- Task goal -
The copy should hold exactly the lines below from the one that contains "Tatra Classic zahuštěné" through the one that contains "organisatorisch en communicatiegebied." and nothing else, so no pictures.

- The input -

== == ==

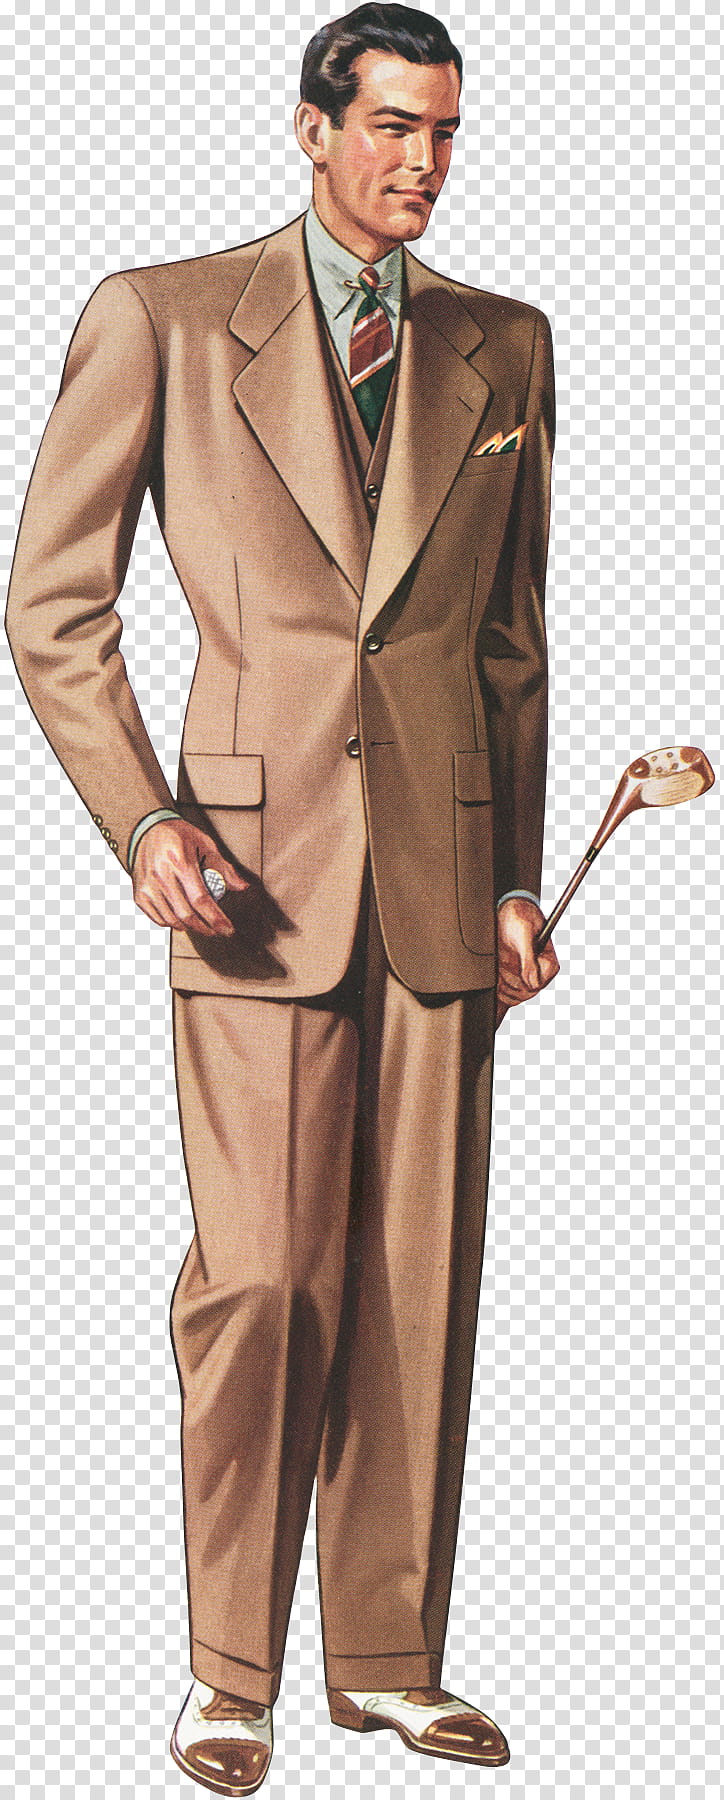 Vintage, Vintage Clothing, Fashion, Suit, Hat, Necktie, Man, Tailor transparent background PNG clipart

== == ==

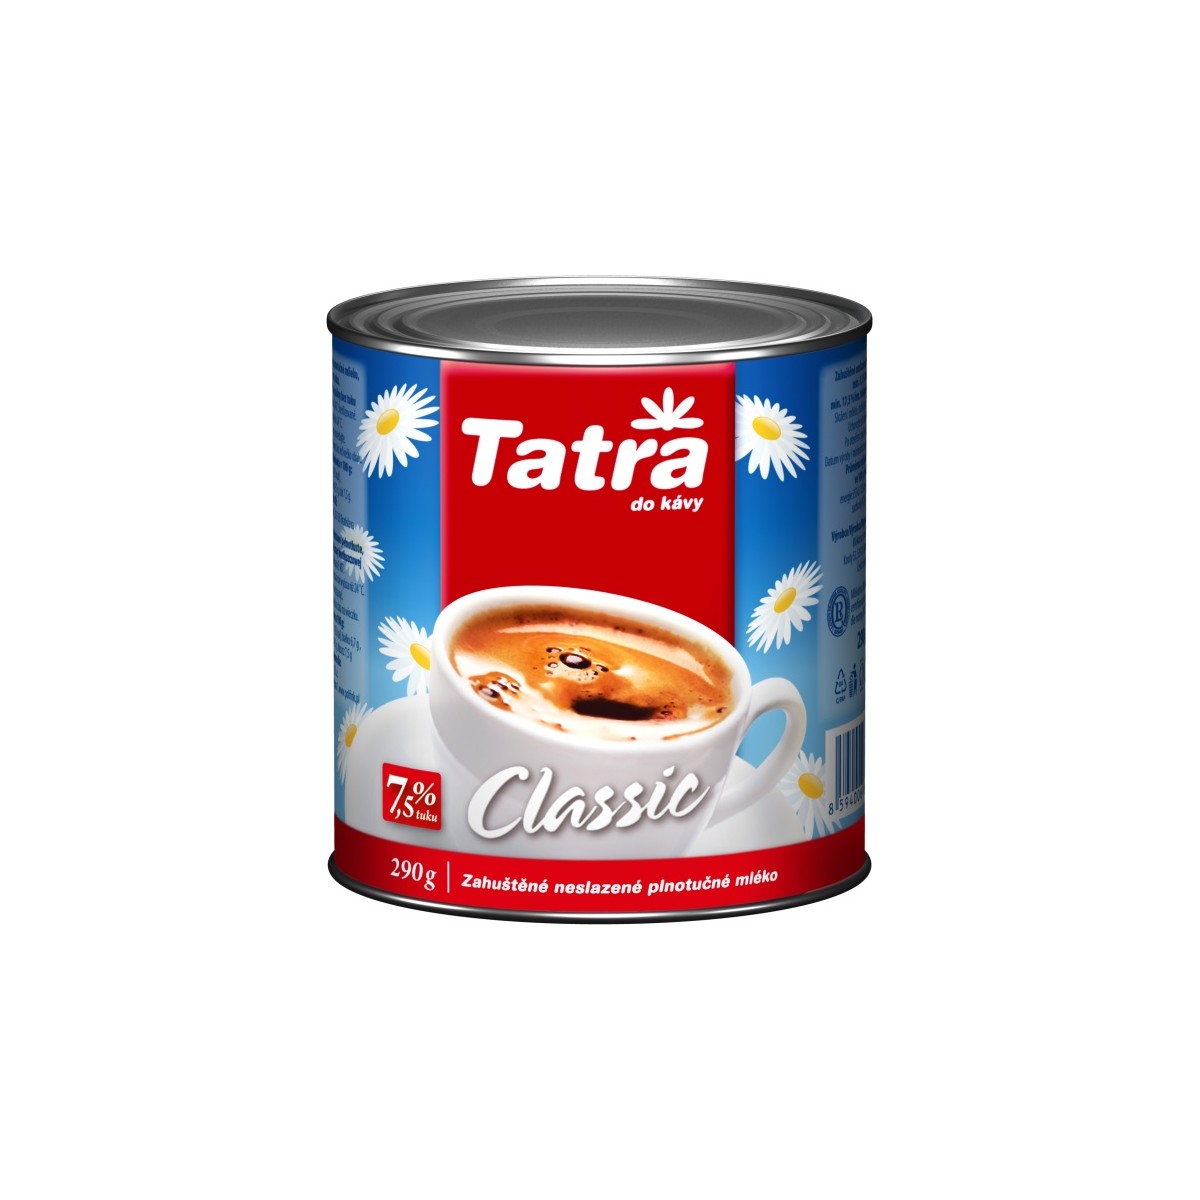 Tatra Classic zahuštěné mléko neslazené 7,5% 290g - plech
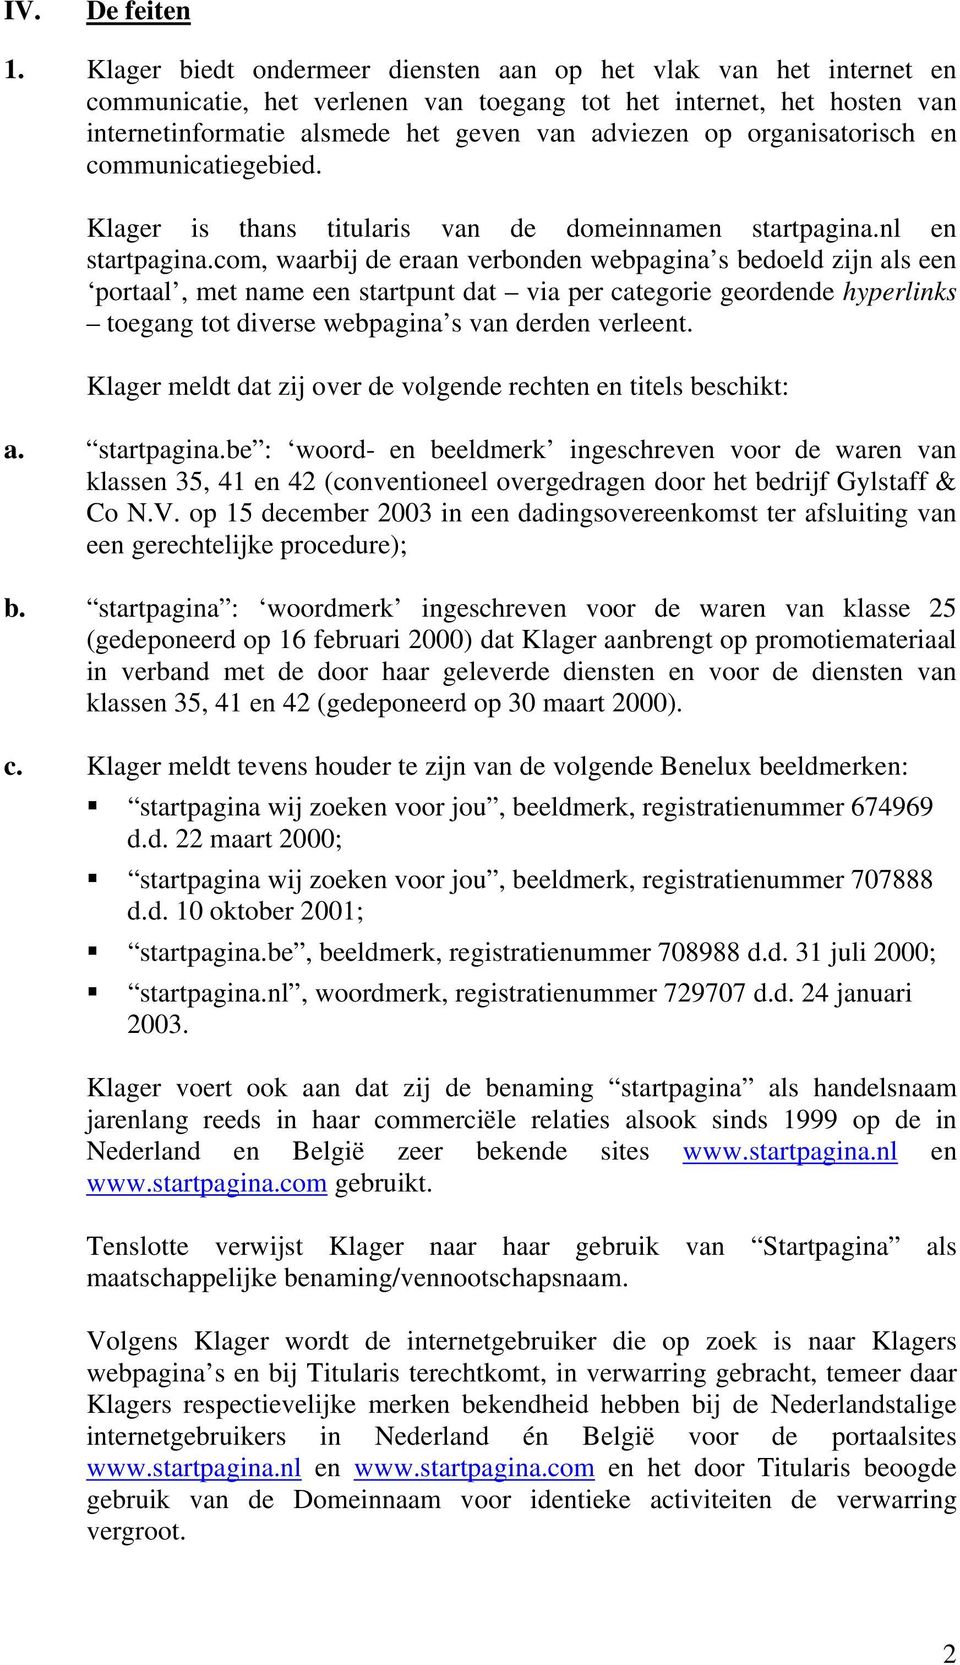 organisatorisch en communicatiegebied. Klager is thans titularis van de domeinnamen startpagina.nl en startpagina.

== == ==

- Solution to this exercise -
 Tatra Classic zahuštěné mléko neslazené 7,5% 290g - plech
 organisatorisch en communicatiegebied. Klager is thans titularis van de domeinnamen startpagina.nl en startpagina.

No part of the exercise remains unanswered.